PROBLEM: Of the entries below, return only those lines from the line with "Auto elettrica, Opel" to the line with "Besøg Caféen på Akacielunden 9 i Roskilde", exactly, both included.

SUPPLIED RECORDS:

***

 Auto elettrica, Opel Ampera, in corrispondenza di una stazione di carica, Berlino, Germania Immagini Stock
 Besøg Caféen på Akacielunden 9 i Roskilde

***

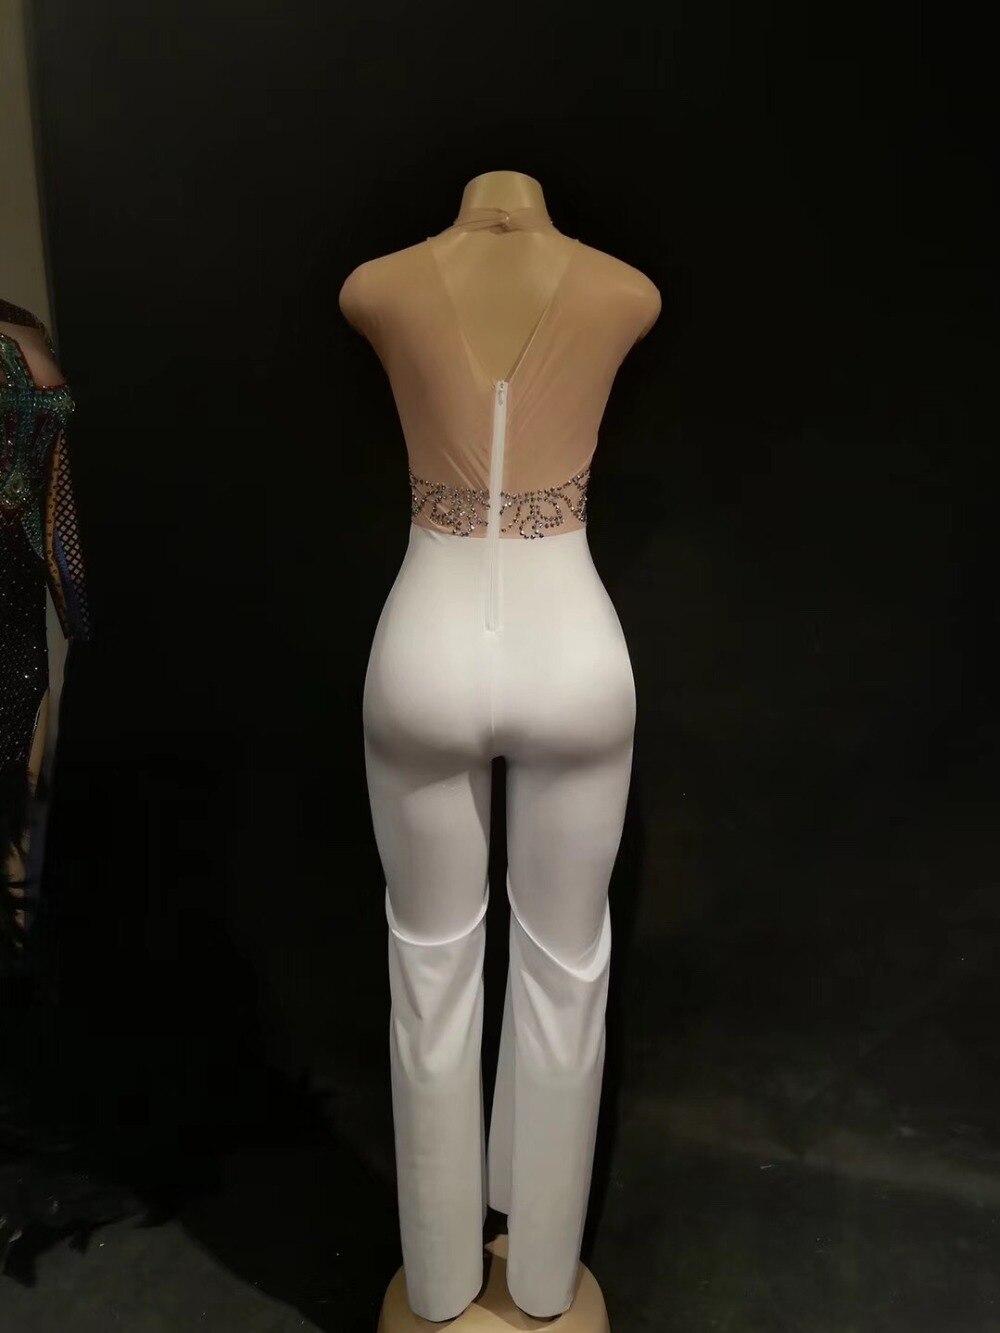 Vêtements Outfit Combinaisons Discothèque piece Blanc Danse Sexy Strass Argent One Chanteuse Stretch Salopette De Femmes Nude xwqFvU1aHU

***

SOLUTION FOR THIS EXERCISE:
 Auto elettrica, Opel Ampera, in corrispondenza di una stazione di carica, Berlino, Germania Immagini Stock
 Besøg Caféen på Akacielunden 9 i Roskilde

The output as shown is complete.